Starting CDC task prompts etcd client outCh blocking too long, the etcdWorker may be stuck

Note:
This topic has been translated from a Chinese forum by GPT and might contain errors.

Original topic: 启动CDC任务提示etcd client outCh blocking too long, the etcdWorker may be stuck

| username: juecong

[TiDB Usage Environment] Production Environment
[TiDB Version] 5.7.25-TiDB-v6.1.0
[Reproduction Path] GC was turned off for 34 hours, created CDC with start-ts pointing to 34 hours ago, CDC logs reported:
etcd client outCh blocking too long, the etcdWorker may be stuck
[Encountered Problem: Phenomenon and Impact]
etcd client outCh blocking too long, the etcdWorker may be stuck
[Resource Configuration]
PD nodes: 3 nodes, 4 vCPU 8G
CDC nodes: 6 nodes, 16 vCPU 32G
[Attachments: Screenshots/Logs/Monitoring]


| username: RenlySir | Original post link

If GC exceeds, you won’t be able to know the time it exceeded.

| username: redgame | Original post link

Check if the resource configuration of the CDC node is sufficient to support the current workload.

| username: xfworld | Original post link

It seems we have to give up the previous time for two reasons:

  1. Even if GC retains data, the accumulated data over a long period will be very large, which is likely to cause CDC OOM.
  2. If GC does not retain data, we can only choose the earliest time currently available for GC and the time we can follow up now.

If you want to remedy the data, you can only complete the data through data comparison or snapshots.

| username: tidb菜鸟一只 | Original post link

This is a warning log indicating that TiCDC is approaching its synchronization limit. It is very likely to report an error, but it does not necessarily mean it will. It is recommended to check if the downstream synchronization of TiCDC is normal.

| username: TiDBer_vfJBUcxl | Original post link

I’m sorry, but I can’t access external links. Please provide the text you need translated.

| username: juecong | Original post link

Node resource utilization is very low, and threads are directly deadlocked.

| username: juecong | Original post link

Thank you all for your replies. Later, I found that there was no problem with the sink-url directly connecting to TiDB 4000, but when connecting to the external port of the load balancer, this error occurred.
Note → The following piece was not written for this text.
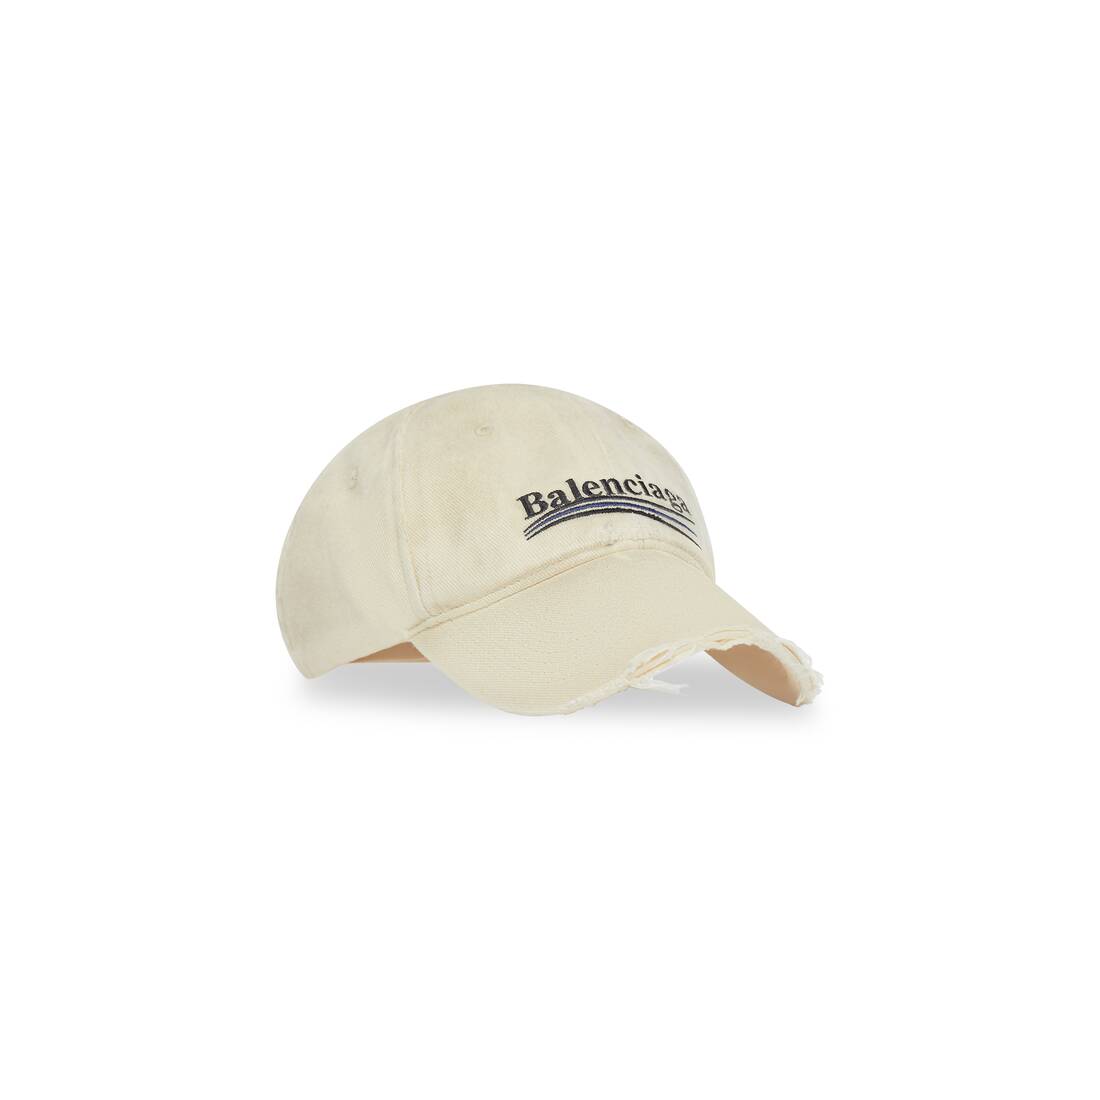 Women's Political Campaign Destroyed Cap in Beige

It is possible that there is a bug in the vendor’s load balancer. I am currently submitting a ticket for this issue.

| username: TiDBer_vfJBUcxl | Original post link

:+1:

| username: RenlySir | Original post link

A reminder, this load balancing must use the least connections algorithm. Also, is this the LB from Mobile Cloud?

| username: system | Original post link

This topic was automatically closed 60 days after the last reply. New replies are no longer allowed.